(EXERCISE REQUIREMENTS):
Without including the pictures, copy out every line below.

#### SUPPLIED INFORMATION

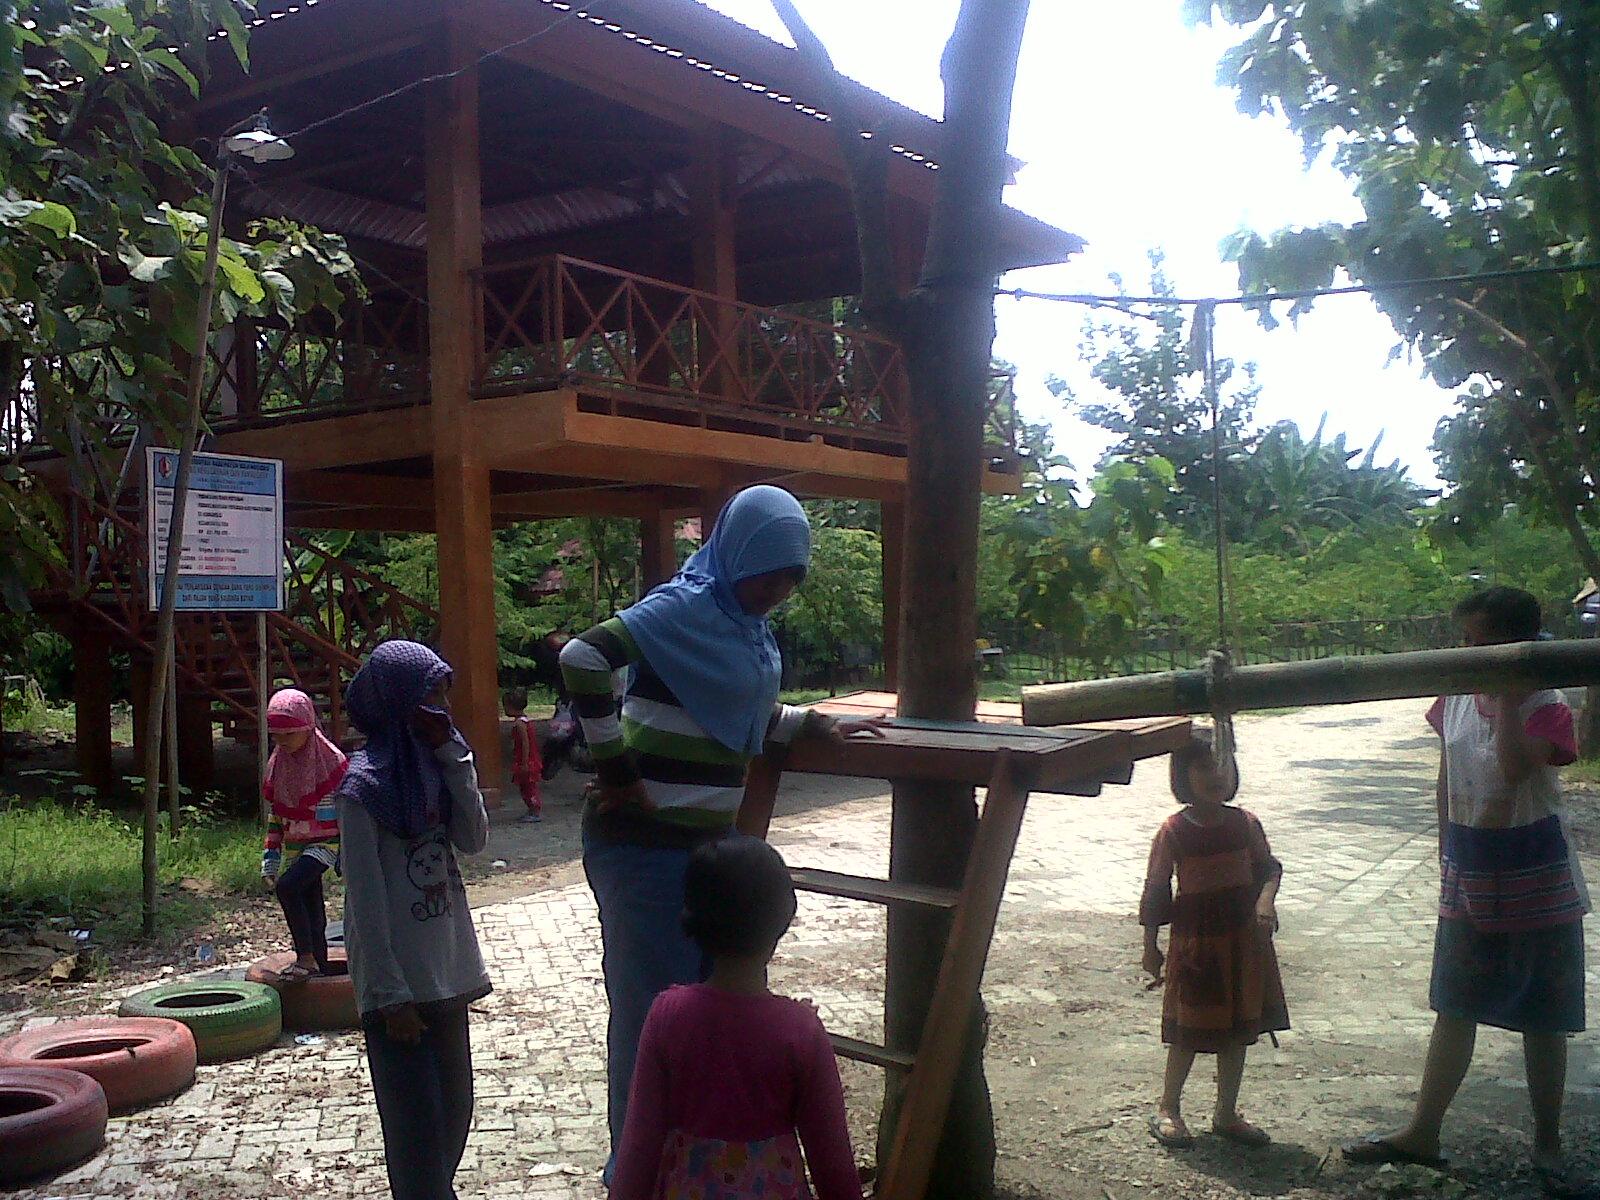 Pemerintah Kabupaten Bojonegoro Bojonegorokab Id Jumlah Pengunjung Agrowisata Kebun Belimbing
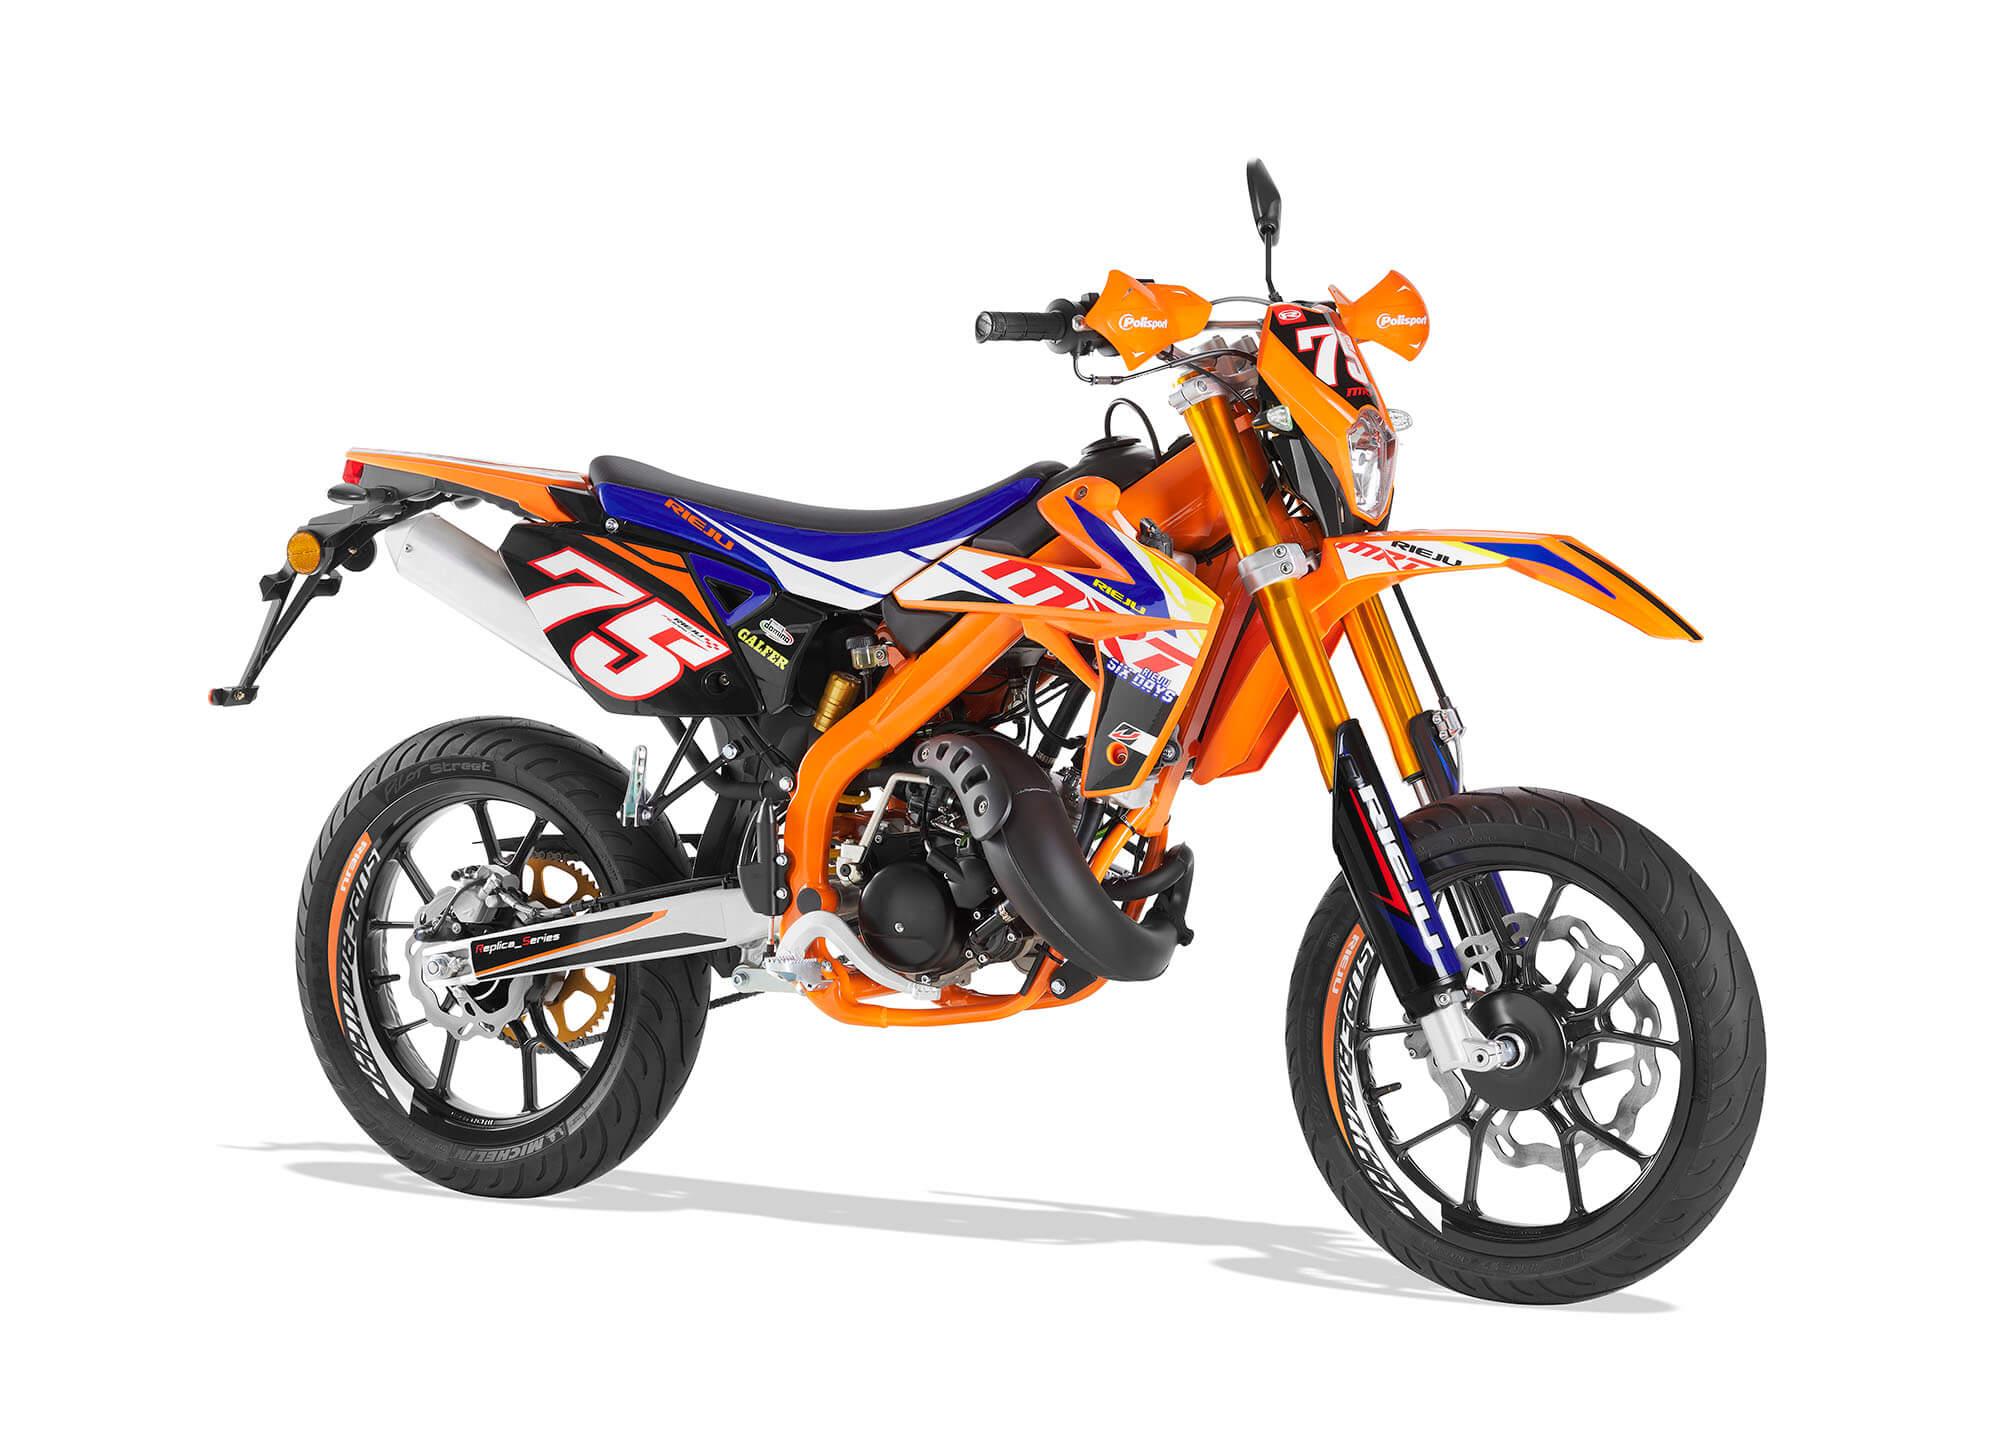 comprar-motos-rieju-mrt-pro-replica-sm-50-naranja-motissimo-barcelona
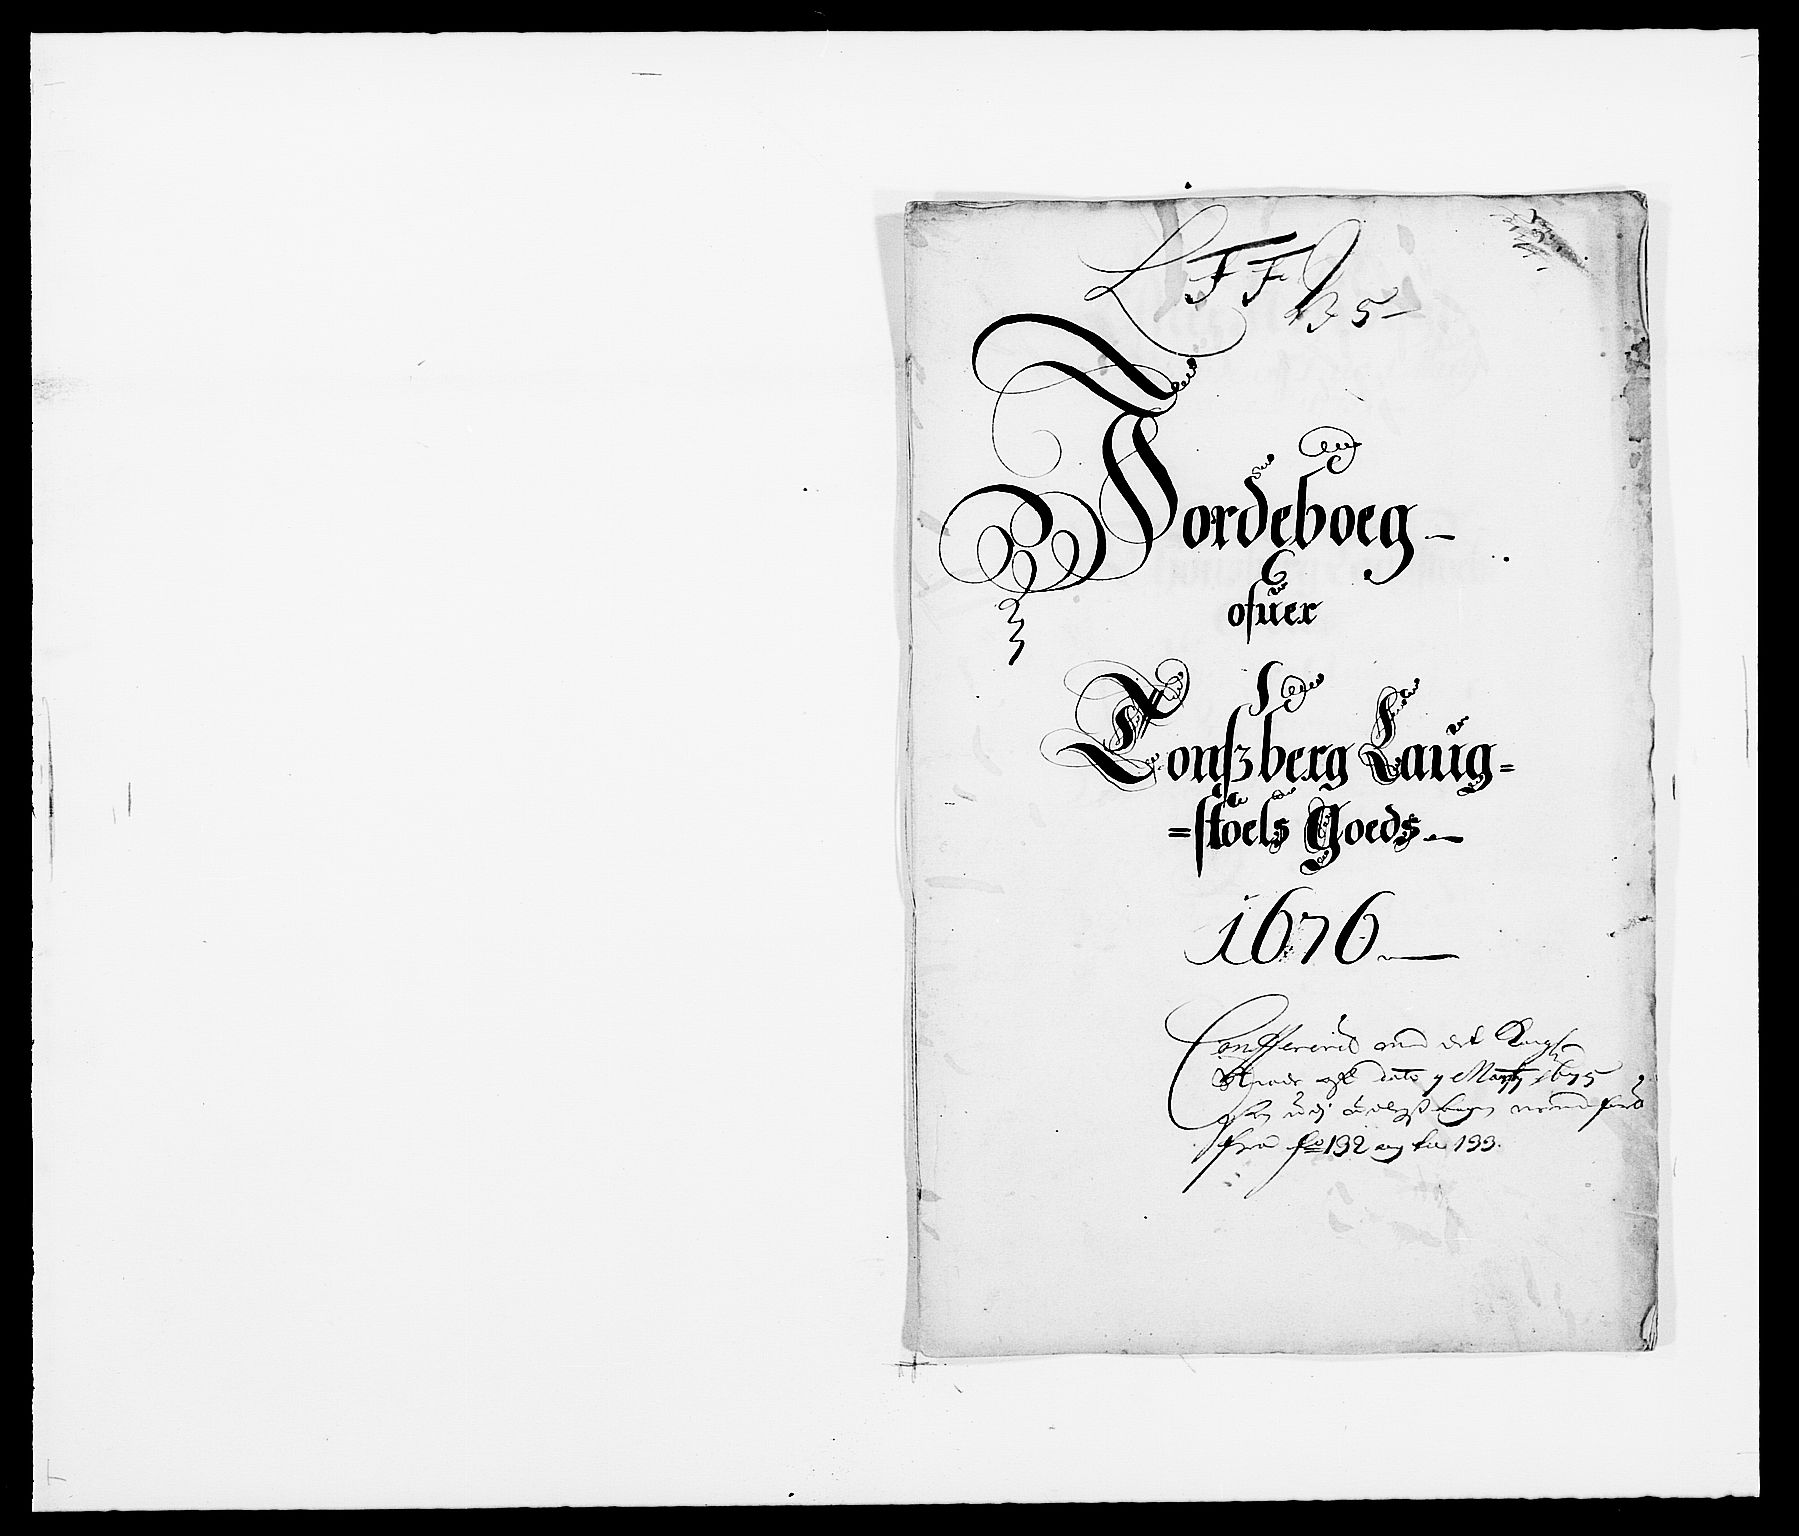 RA, Rentekammeret inntil 1814, Reviderte regnskaper, Fogderegnskap, R32/L1845: Fogderegnskap Jarlsberg grevskap, 1676-1678, s. 152

########

(RESPONSE AREA):
 Pemerintah Kabupaten Bojonegoro Bojonegorokab Id Jumlah Pengunjung Agrowisata Kebun Belimbing
 comprar-motos-rieju-mrt-pro-replica-sm-50-naranja-motissimo-barcelona
 RA, Rentekammeret inntil 1814, Reviderte regnskaper, Fogderegnskap, R32/L1845: Fogderegnskap Jarlsberg grevskap, 1676-1678, s. 152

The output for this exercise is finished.